→ **YOUR OBJECTIVE**: Take from the entries below the stretch from the line with "Grandma Christmas Kisses" through the line with "Trail Blazer Big", and return it exactly, leaving the pictures out.

→ **RECORDS FOR THE EXERCISE**:
↓
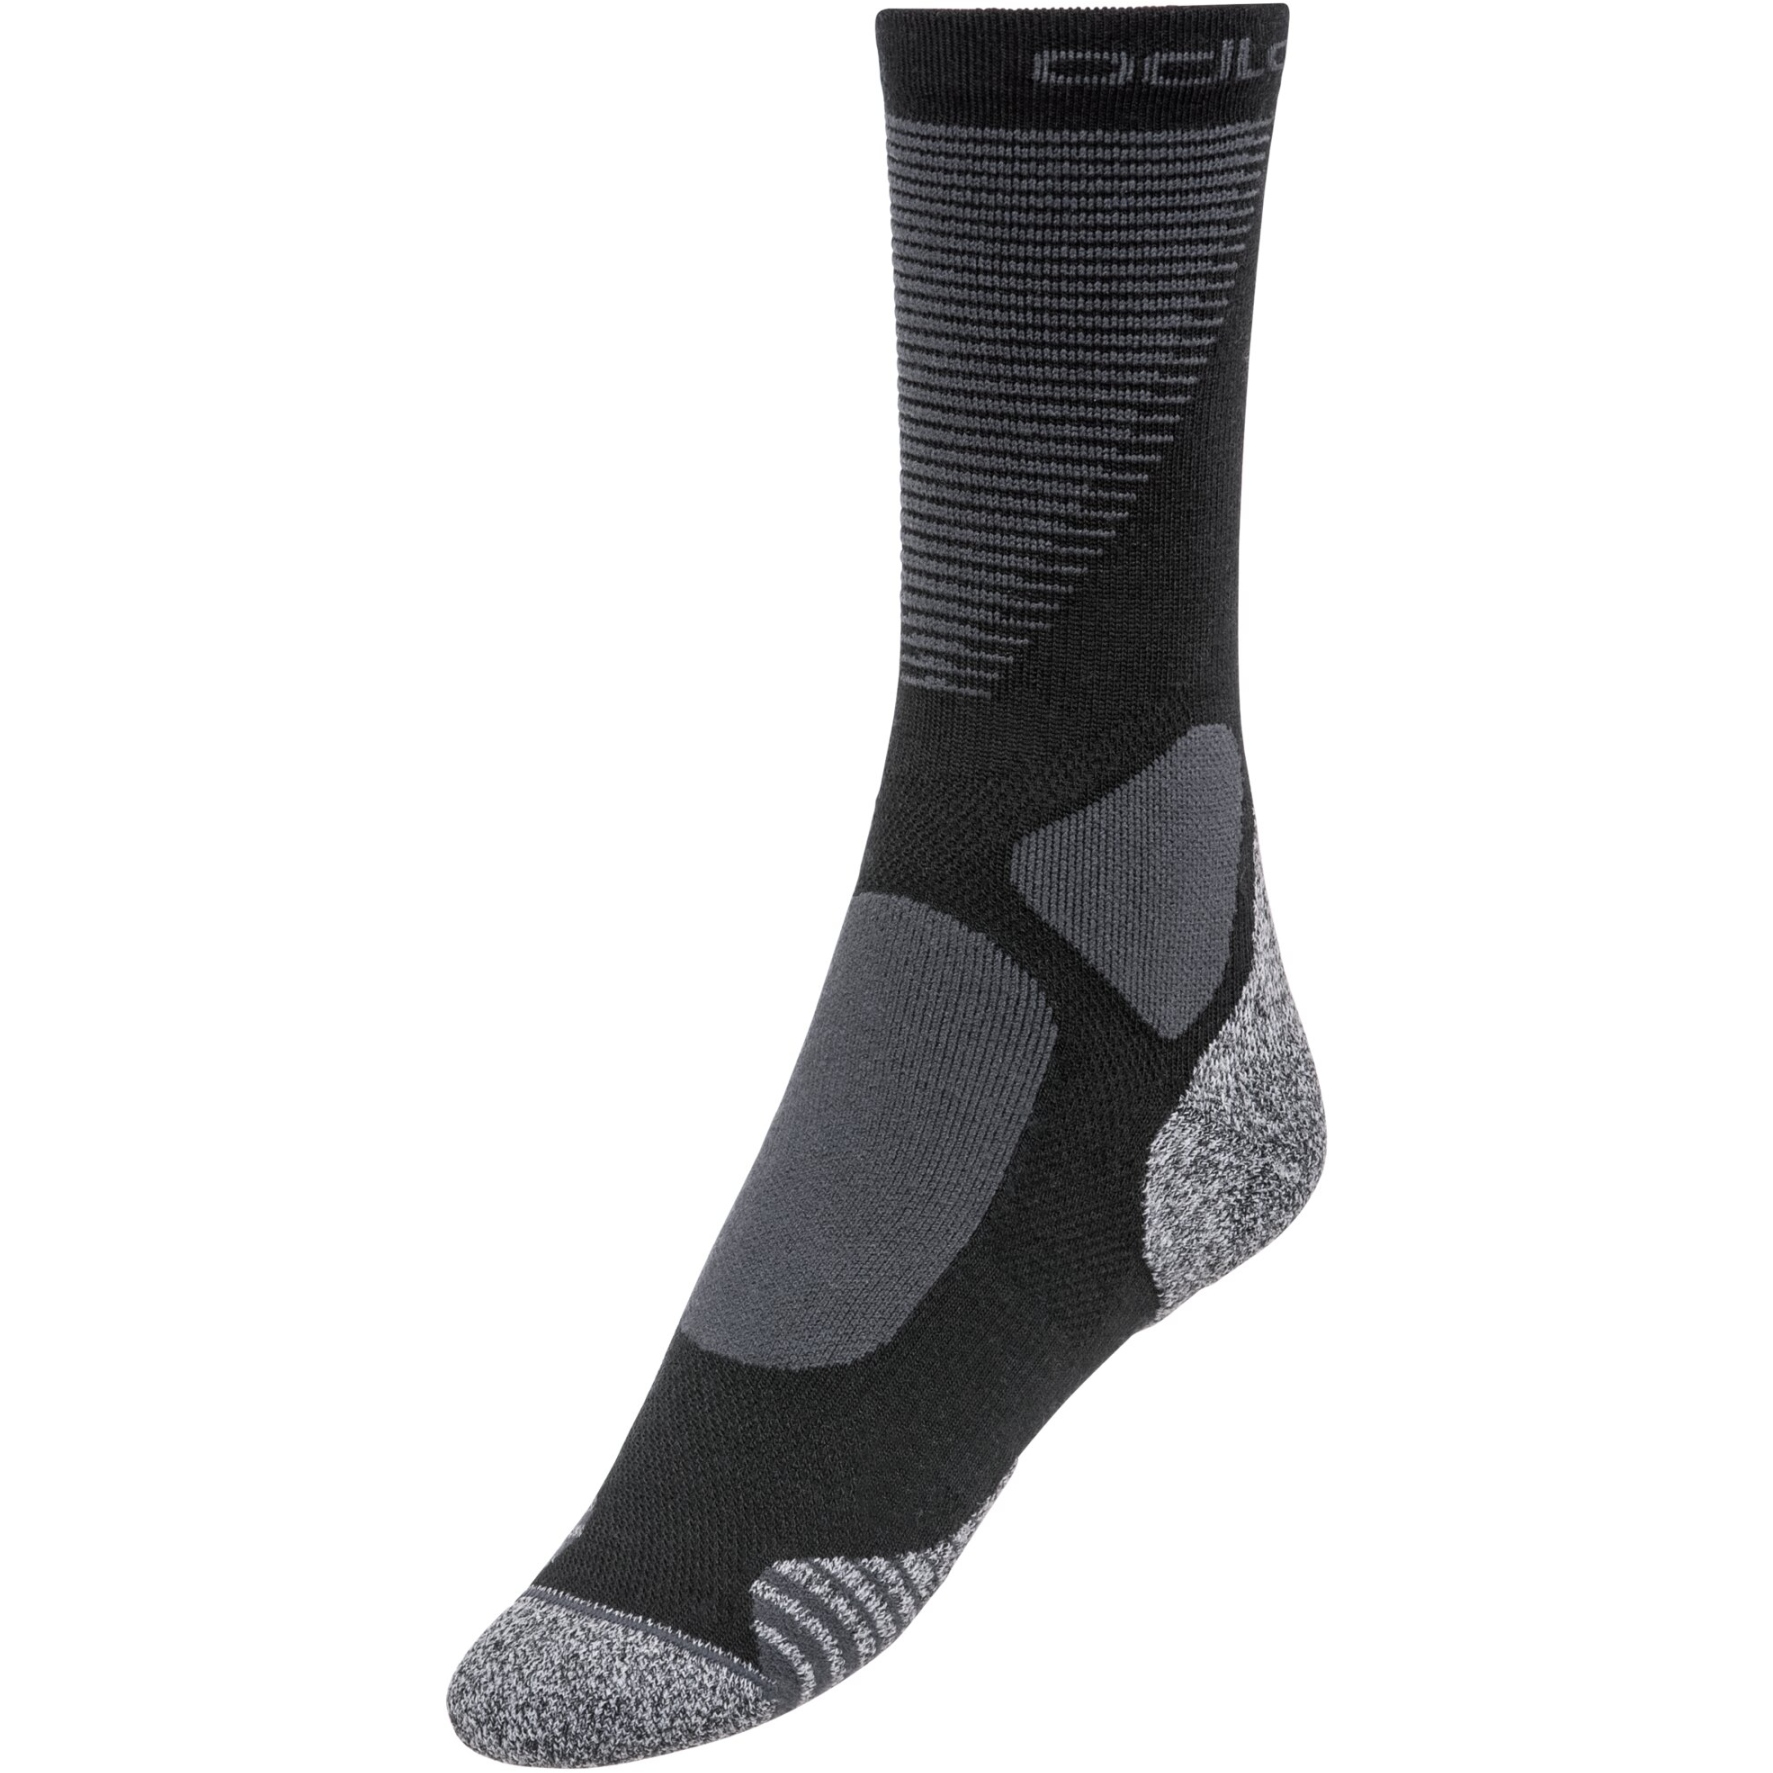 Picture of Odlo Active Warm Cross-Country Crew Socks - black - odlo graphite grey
↑
↓
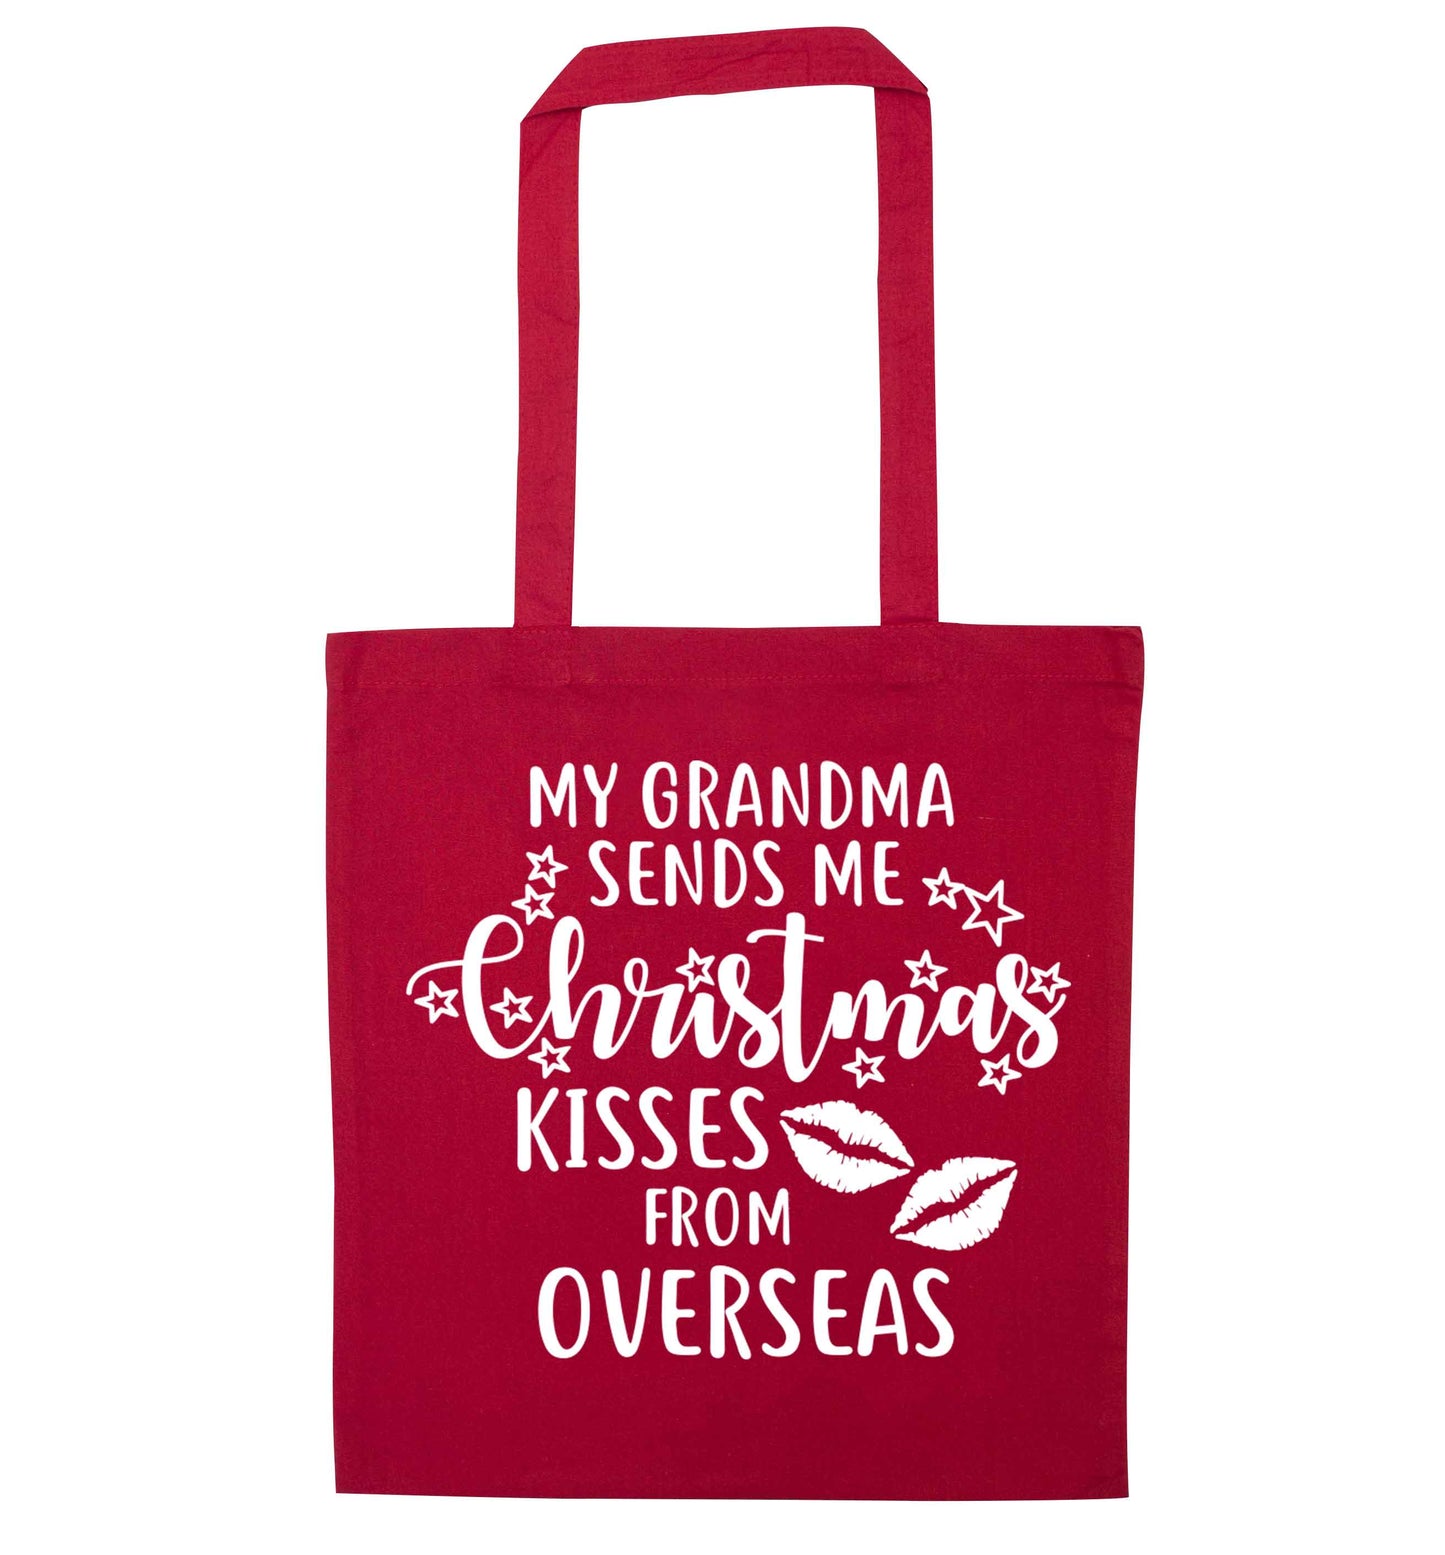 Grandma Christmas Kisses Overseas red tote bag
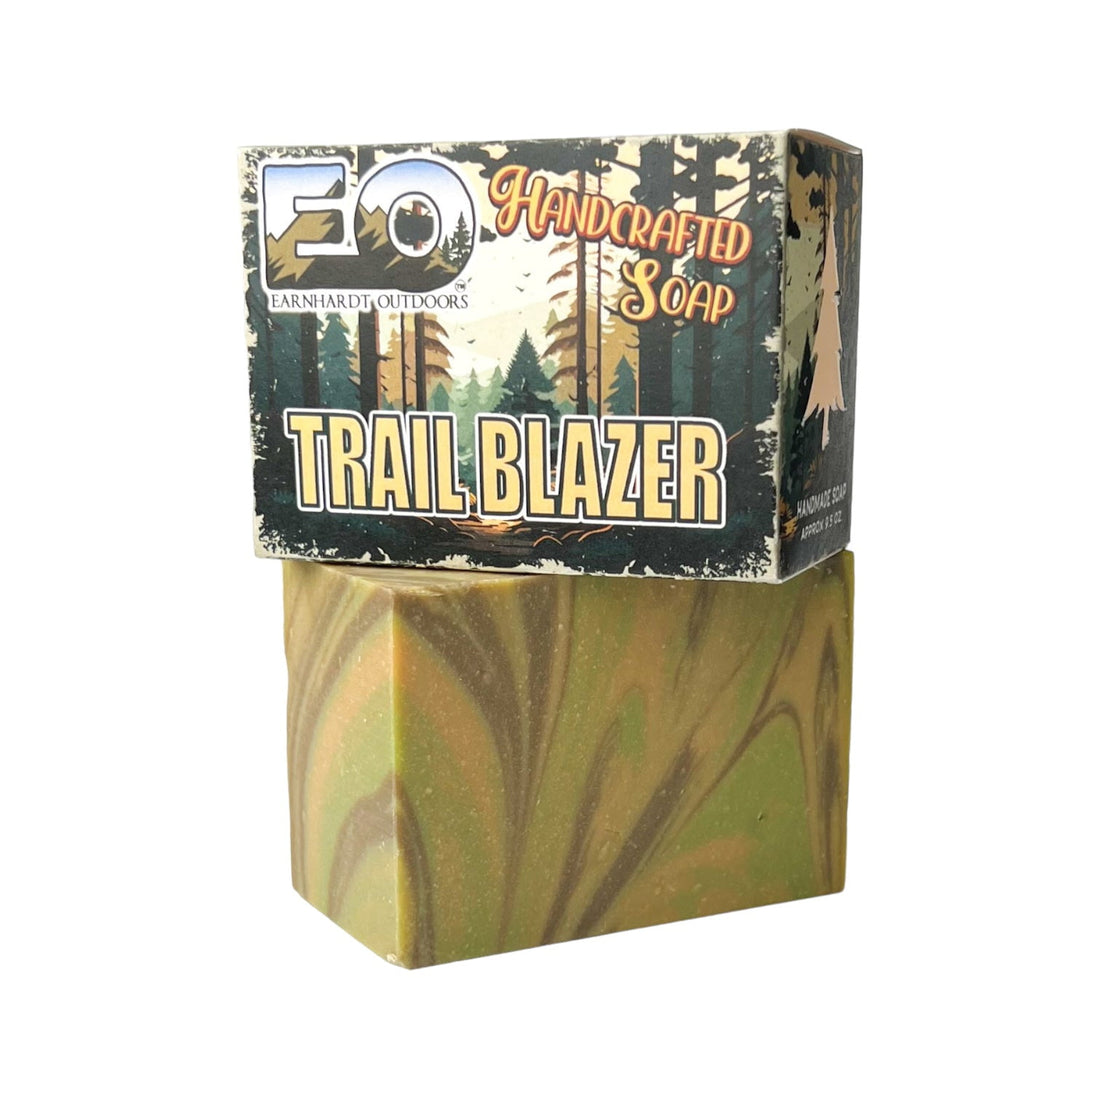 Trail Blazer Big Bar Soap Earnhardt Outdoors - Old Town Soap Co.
↑
→ **RESULT FOR THIS TASK**:
 Grandma Christmas Kisses Overseas red tote bag
 Trail Blazer Big Bar Soap Earnhardt Outdoors - Old Town Soap Co.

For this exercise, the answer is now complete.